I've seen mainly two suggested workarounds to the issue - change user/group in the container and use runAsUser in pod definition. None of this is relevant. To build a flexible CICD you want users to have an ability to specify a dockerhub image (well, at least a tag to whitelisted images) so change of image is not viable. Adding runAsUser: 1000 might work in some limited cases but in reality not viable either. A lot of stuff (let's start with git client) will complain the user for that UID doesn't exist and crash.

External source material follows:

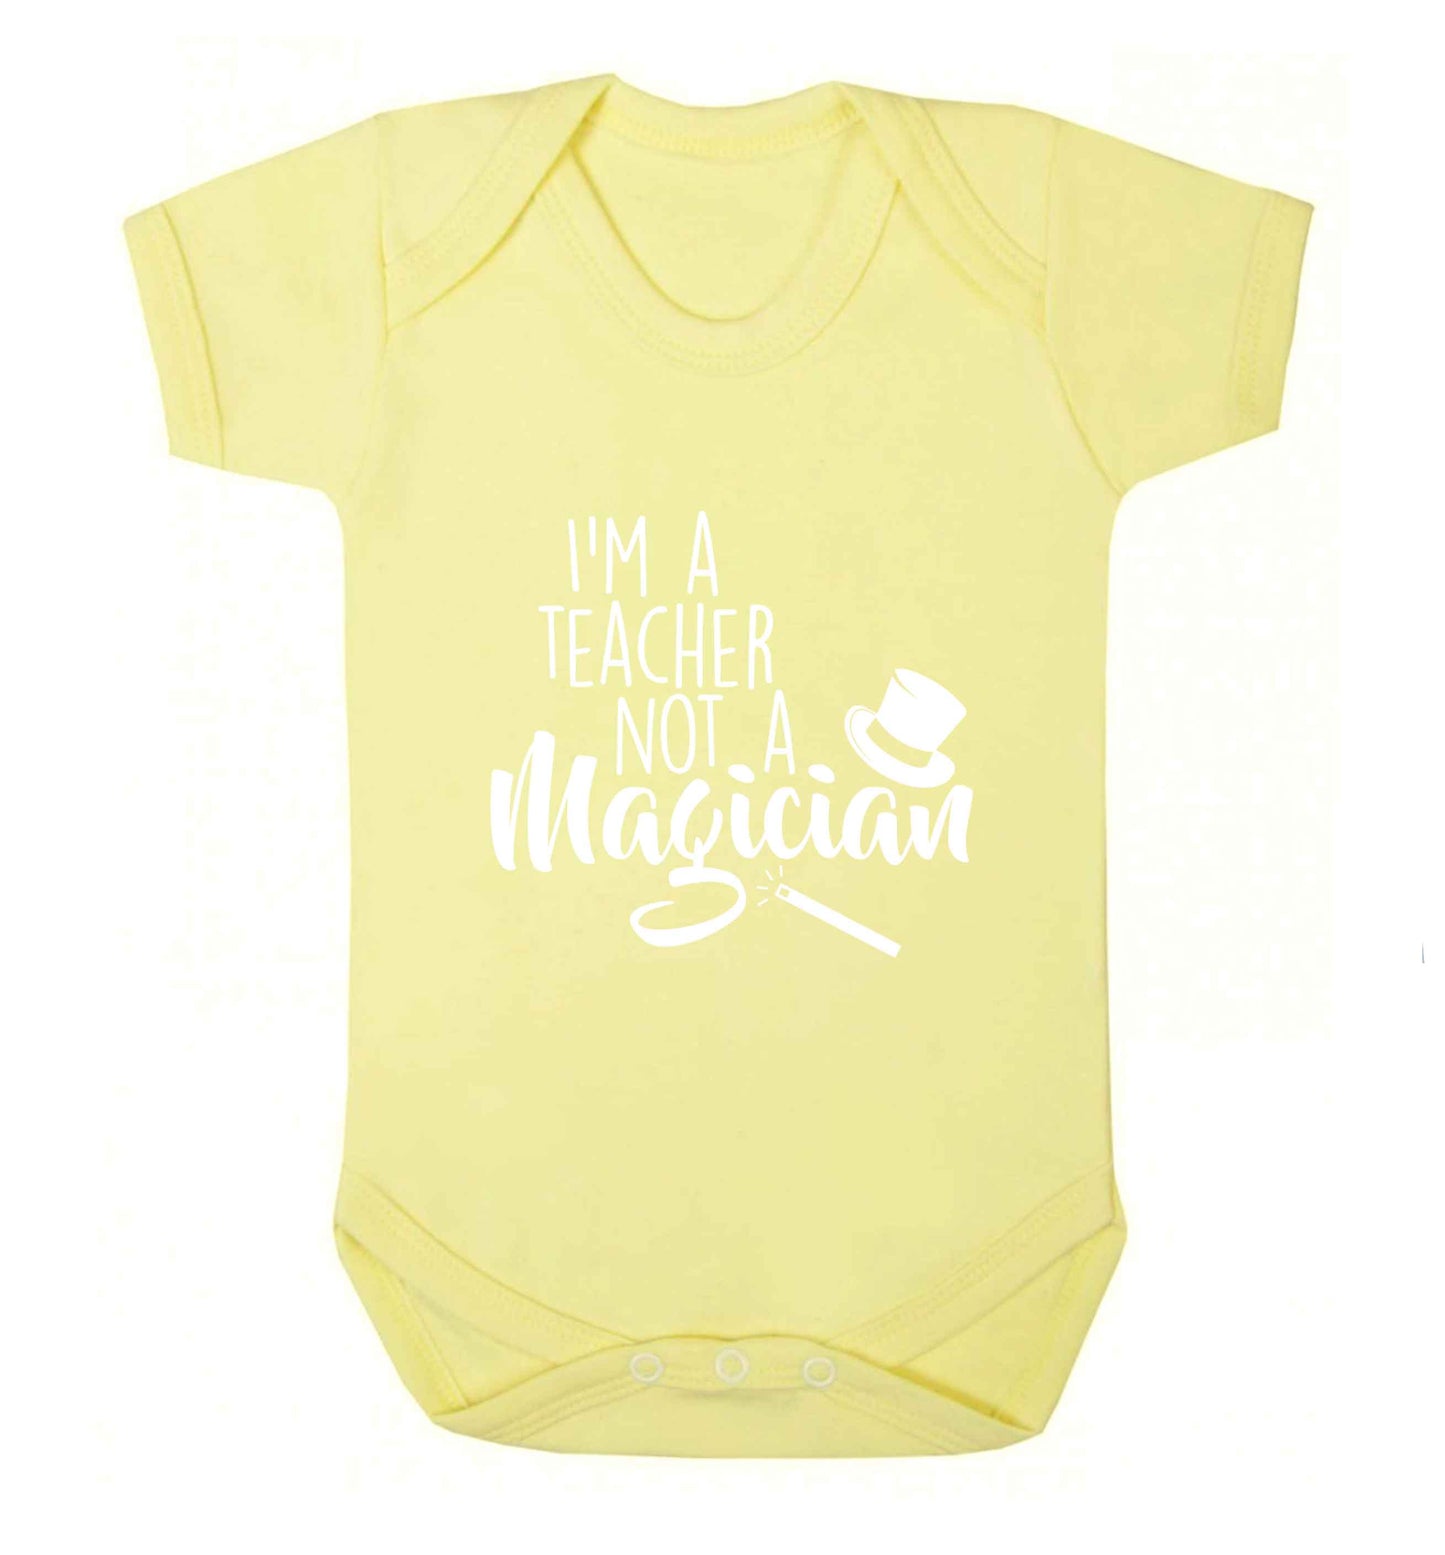 I'm a teacher not a magician baby vest pale yellow 18-24 months

Just to summarize, expected behaviour would be: as long as
securityContext: fsGroup: 1000 supplementalGroups: - 1000
is set on the pod, using containers with non-root and non-/home/jenkins home should work just fine like they used to.
I found another workaround, which is applying this on jnlp container:
command: - /bin/bash args: - "-c" - "umask 002; jenkins-agent"
But I would imagine it wouldn't be secure? Or is it not?